Other times, a hare may be tracked into a very large tangle, or it may move into an area with other hare tracks and the original track will be impossible to follow. It’s then time to regroup, take a break and look elsewhere for a single, fresh track.

More often than not, it’s the tracker who gets the sitting shot, but my hunting partners and I used to take turns when possible. If one of us had a sitting shot, we often radioed the other in to take it.

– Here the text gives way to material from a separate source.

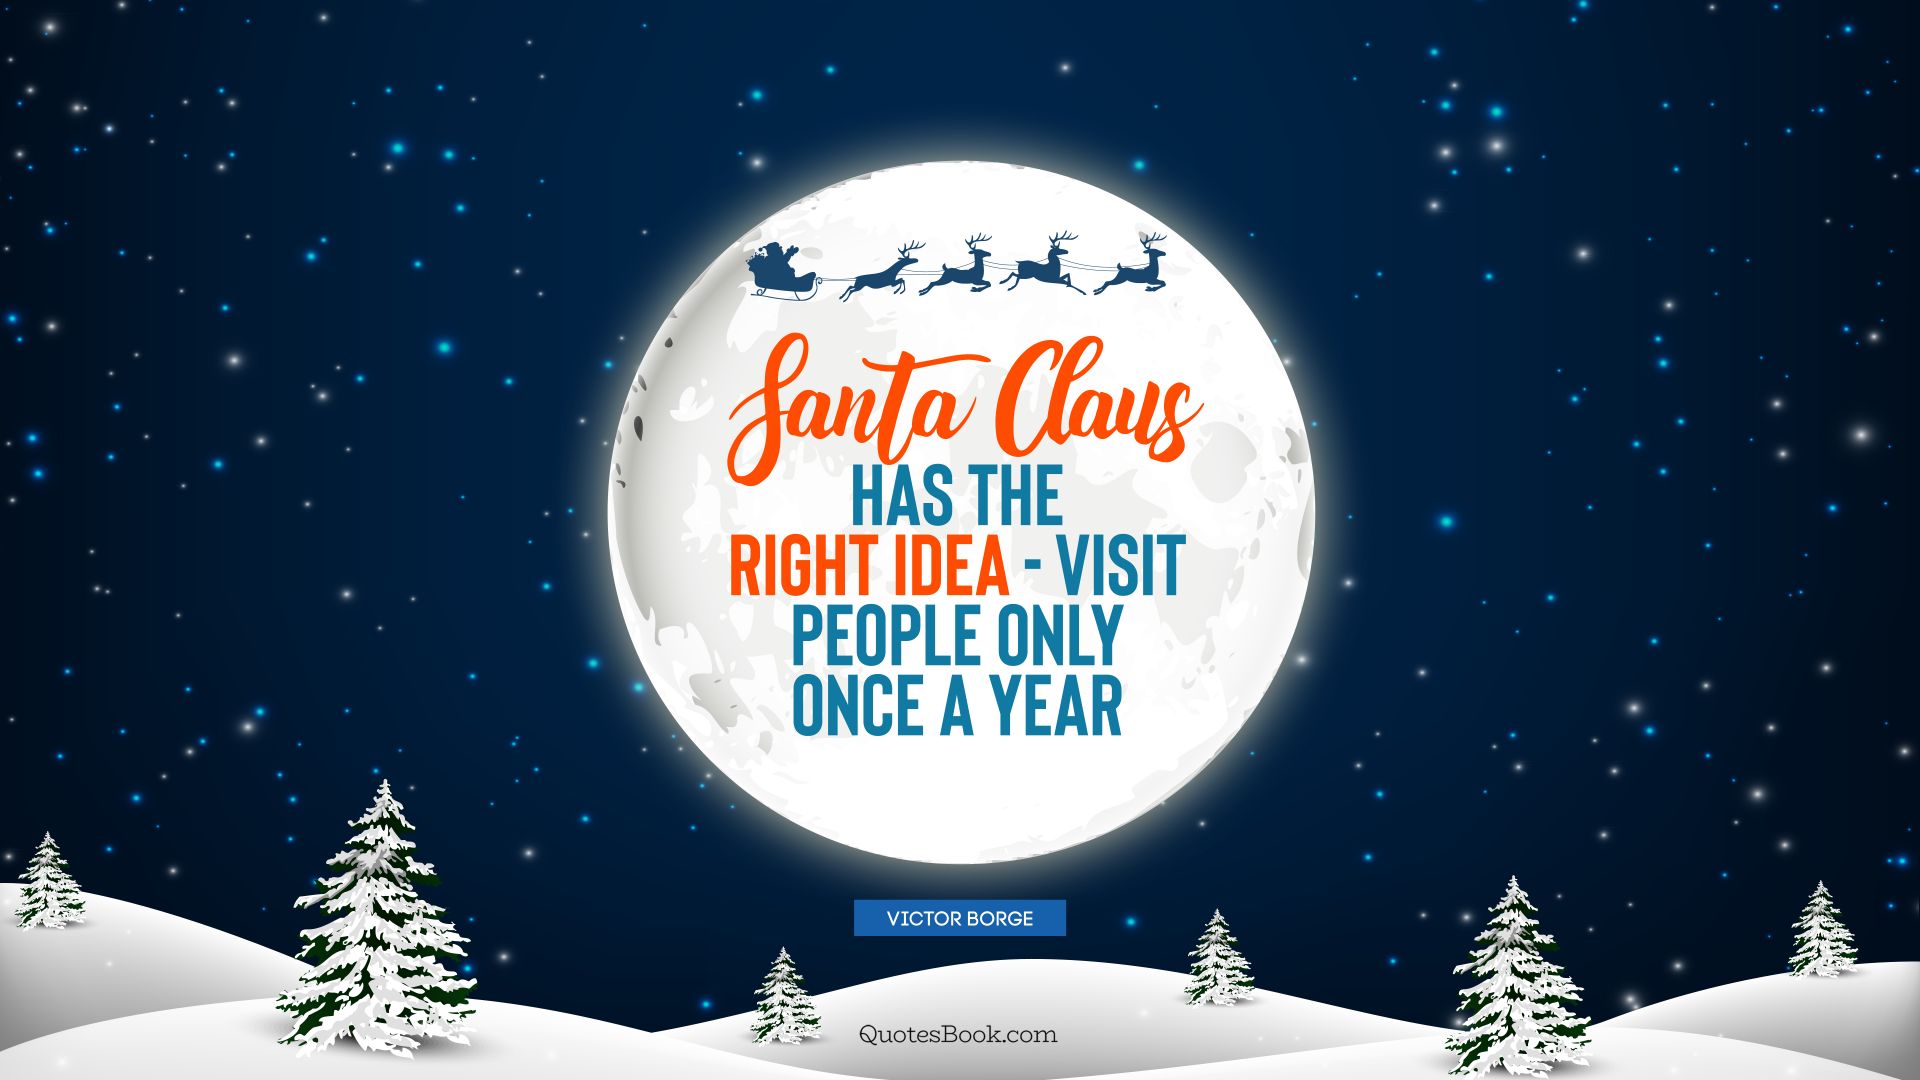 Santa Claus has the right idea - visit people only once a year. - Quote by Victor Borge

If a hare is bounced several times while tracking, instead of continuing to pound after him, let it rest for a half-hour or so. Dig into your gorp for some energy, then start tracking again, but ever so slowly.

And by the way, the saying “as wild as a March hare” is ever so true. If tracking one in March, don’t be surprised to see it head for the next state.

One last technique that works when tracking is setting up an ambush. Hares tend to run in circles. Once the track starts to arch, as if starting a circle, or the track comes back on the hare’s original track, it’s time to set up an ambush.

I always liked to set up within sight of where we started the hare. A critical part of an ambush is to stand rock solid. Don’t move. They will spot movement in a second since they are typically headed in your direction, and offer, at best, a running shot.

After spotting a hare during an ambush, move your gun ever so slowly. I have spooked more than I’ve shot that way. How often do ambushes work? With a handgun, I would guess 15 to 20 percent of the time.

When we did shoot one while tracking, we tried to savor the moment by taking lots of photos and weighing them with small pocket scales (the heaviest was 4.3 pounds).

If it was near lunchtime, we’d build a woods fire to toast sandwiches or a piece of pizza. We had these noontime fires every time we went in the woods and, I have to honestly say, they were usually the highlight of the day.

I searched my hunting journals from 1995 through 2004 for some stats. During those years, my hunting partners and I tracked hares 51 times. We shot at least one hare during 26 of those hunts.

Six times, we shot more than one, four being the most. One hare required 4 hours of tracking.

Remember, the keys to success tracking snowshoe hares include finding an area with a low population density, staying patient and waiting for fresh overnight tracking snow.